ETFs-Create Your Own Hedge Fund.

There is an interesting report currently out written by SEI and Greenwich Associates. The document, called “The Era of the Investor” discusses the current state of the Hedge Fund industry and where it is going. contains results from the firms’ second annual survey of institutional investors (conducted in November 2009) and is sure to generate a lot of press in the next few days.
This report was analyzed over at Seeking Alpha by Christopher Holt. Here are a few of the pertinent headlines.
-95% of the 96 institutional investors surveyed this year said they would either increase or maintain their hedge fund allocations over the next year.

-“Diversification” remains the #1 reason to invest in hedge funds – followed closely by “absolute returns”.

-During 2009, transparency rose in importance with over 70% of respondents said they now request “more detailed information from managers than they did a year ago.”

-Since last year, “poor performance” has been overtaken by transparency and liquidity as the main sources of “concerns” about investing in hedge funds.

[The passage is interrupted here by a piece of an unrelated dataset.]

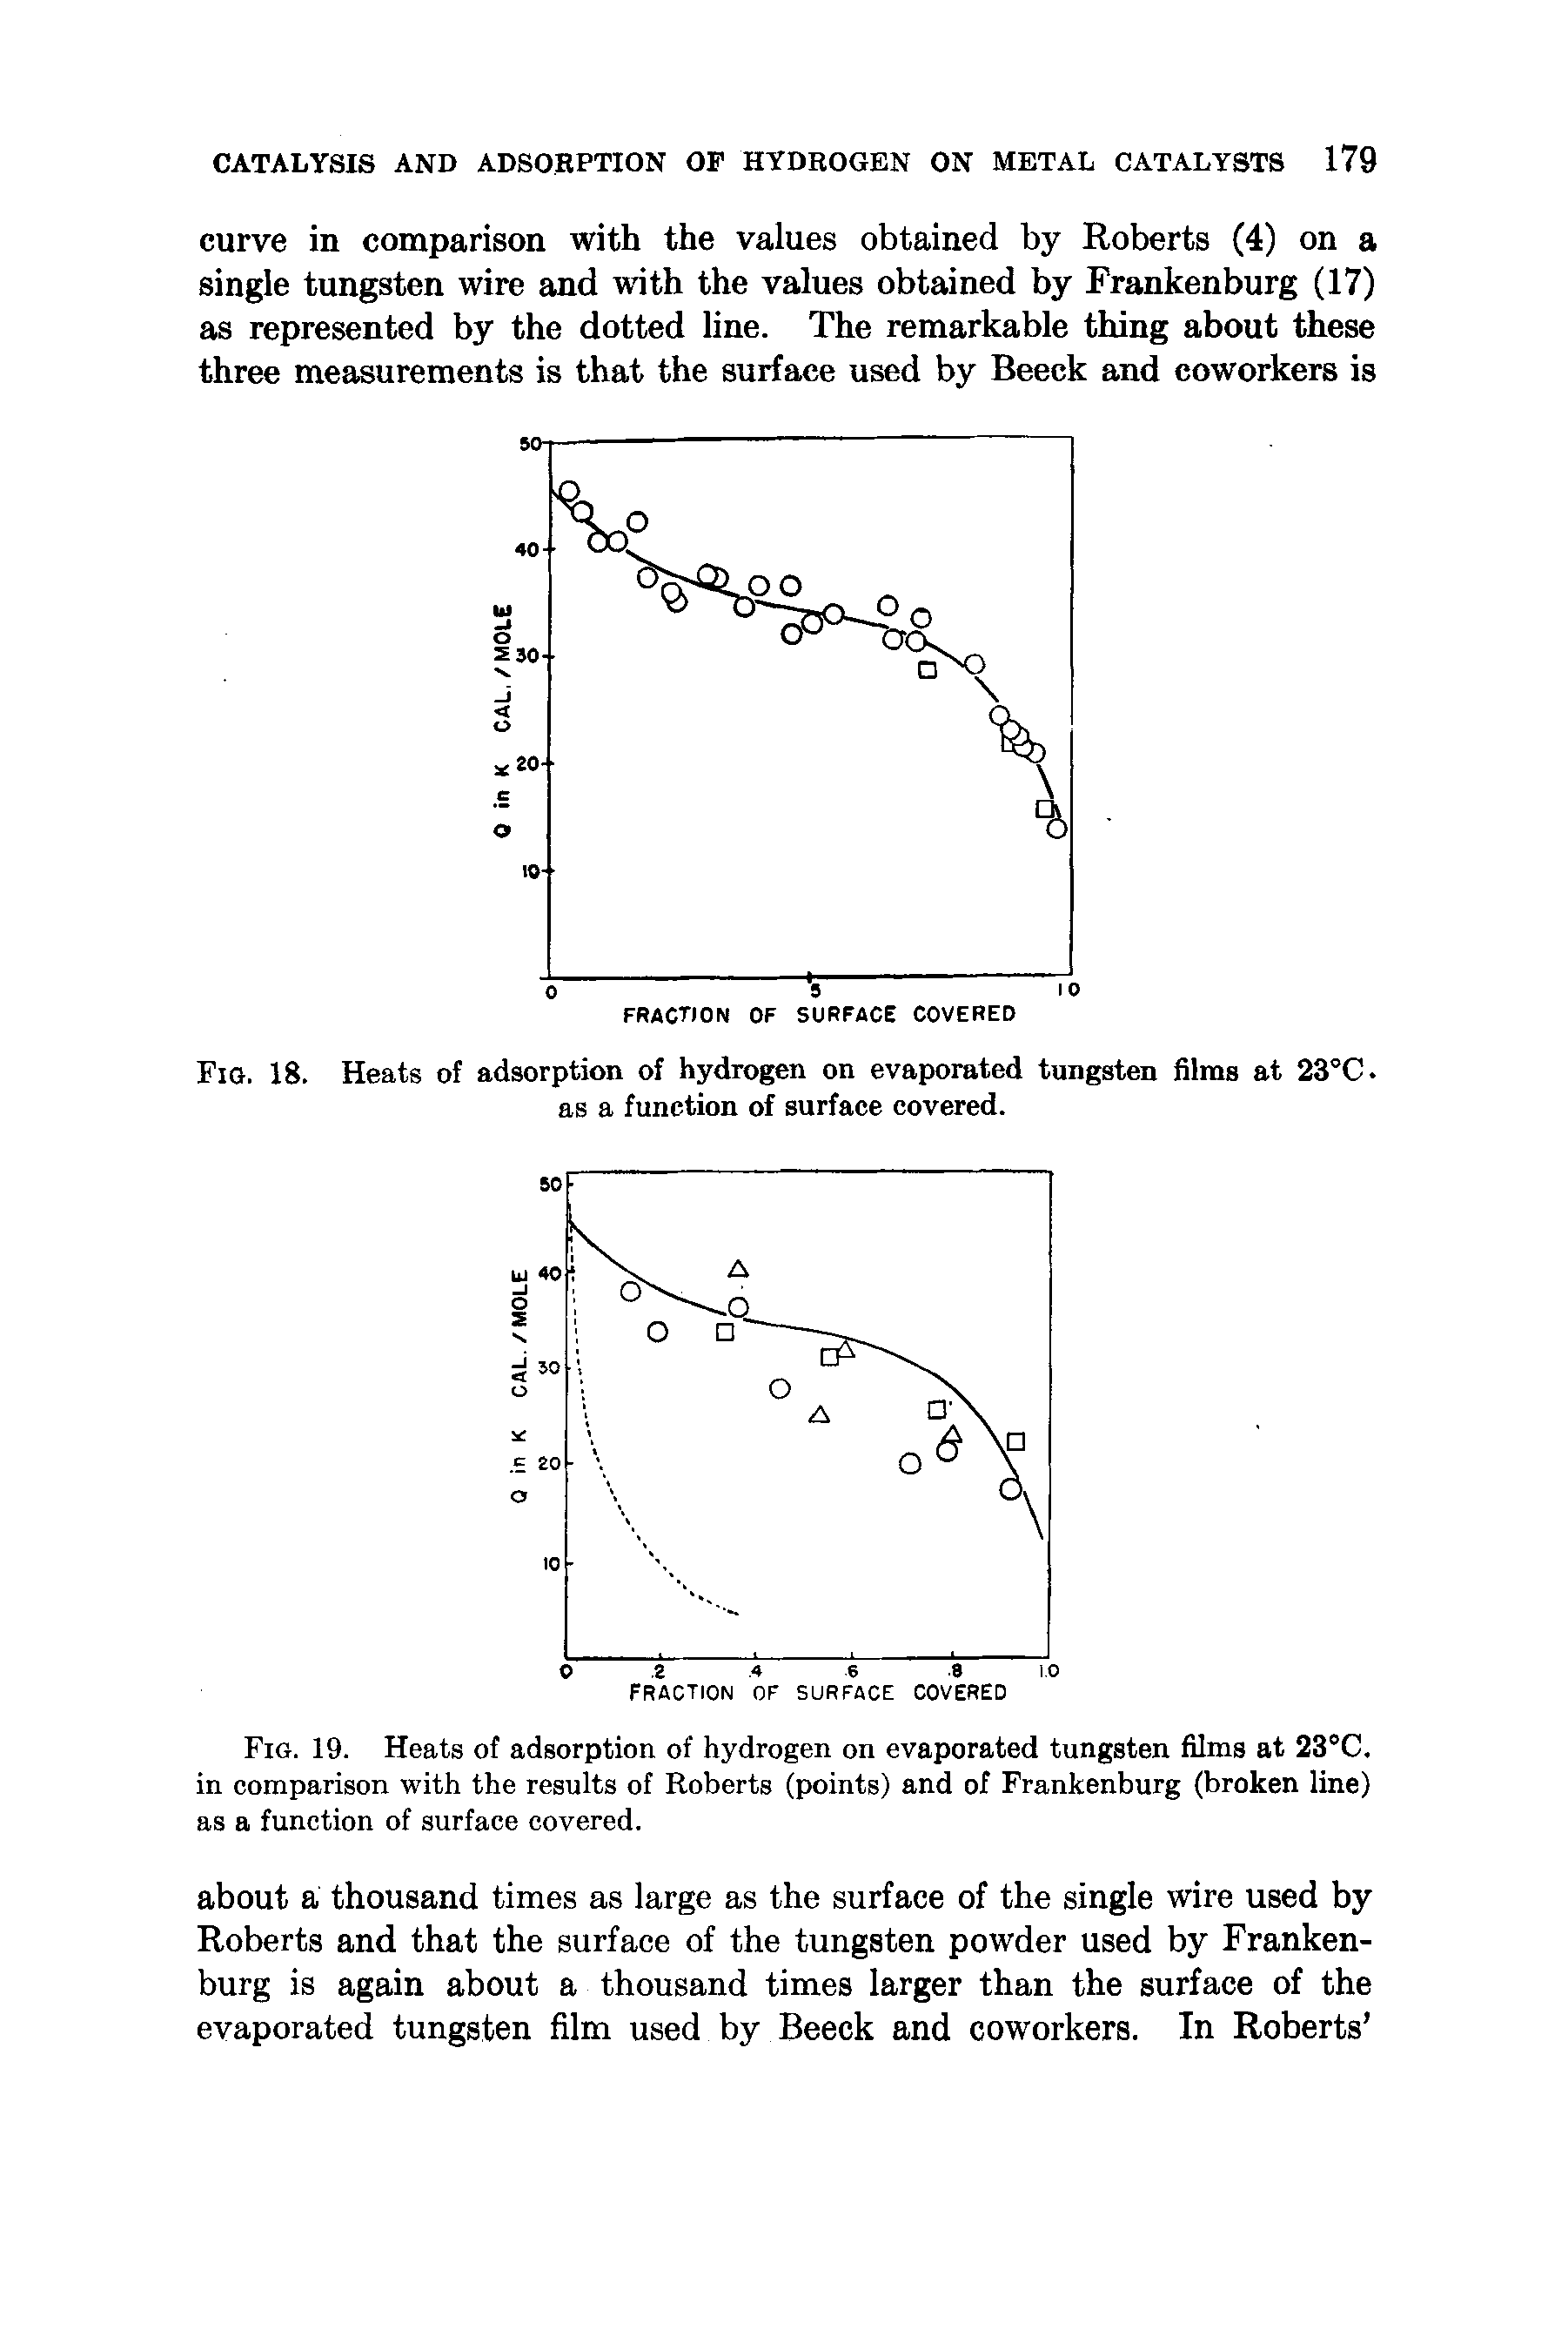 Fig. 19. Heats of adsorption of hydrogen on evaporated tungsten films at 23°C. in comparison with the results of Roberts (points) and of Frankenburg (broken line) as a function of surface covered.

-The report says that “fee pressures have intensified”
As to the why for hedge funds here is the Holt's primary observation.

"While “diversification” remains the #1 reason to invest in hedge funds,....this year, “absolute returns” ranked only a couple of percentage points behind."

Of course it is our main thesis that many hedge fund strategies can be replicated for individuals by strategies using ETFs. In fact we employ just such these strategies in many of the ways that we position portfolios especially in some of our more aggressive programs. After all, ETFs give investors many of the main objectives that institutional investors said they prized in the survey. They certainly provide diversification and they generally have low fees. Their investments to the extent one understands their underlying index are transparent and because they trade on exchanges they are in general pretty liquid.

In fact an investor that would have owned from December 31, 2008 to December 31, 2009 just the Nasdaq 100 ETF {QQQQ} and the S&P 500 Spyder {SPY} last year would have returned 40.36% which far exceed the S&P 500's 26.5% return and the 19.6% estimated average return for US pension funds.* There are many other strategies that can be adopted with ETFs that also give hedge fund like returns. If you are interested in hearing what we try to do in this area let us know.+

**Long ETFs related to the S&P 500 in client accounts. Long ETFS related to the NASDAQ 100 in client and personal accounts.

*Source for this total return information came from the S&P Spyders website and the Invesco Powershares website. Source for estimated pension returns; Pensions & Investments; January 25, 2010, p.3. Please note that this example refers to a very simple example where an investor would have employed a simple buy and hold strategy with just two securities. This example also assumes that an investor held no cash or other securities in this hypothetical portfolio. Cash holdings in this portfolio would have likely resulted in a portfolio that did not return the above stated amount. It should also be noted that a portfolio that employed this strategy would have suffered a substantial draw down in last years first quarter before beginning a recovery in early March. Nothing here should be understood as a guarantee that such results could occur in the future or that any individual portfolio could have returned this exact amount last year as commissions, size of the portfolio and exact purchase price could have impacted the final return. Please do not emulate such a strategy until you have discussed this with your own financial advisor or initiated some investment research of your own.

+Lumen Capital Management maintains a portfolio strategy for more aggressive investors that mimics certain hedge fund strategies generally with ETFs. This portfolio is not suited for all individual investors. While we have every confidence in our ability to add long term value to this portfolio, nothing here should be construed that these strategies will be able to remain effective on an ongoing basis.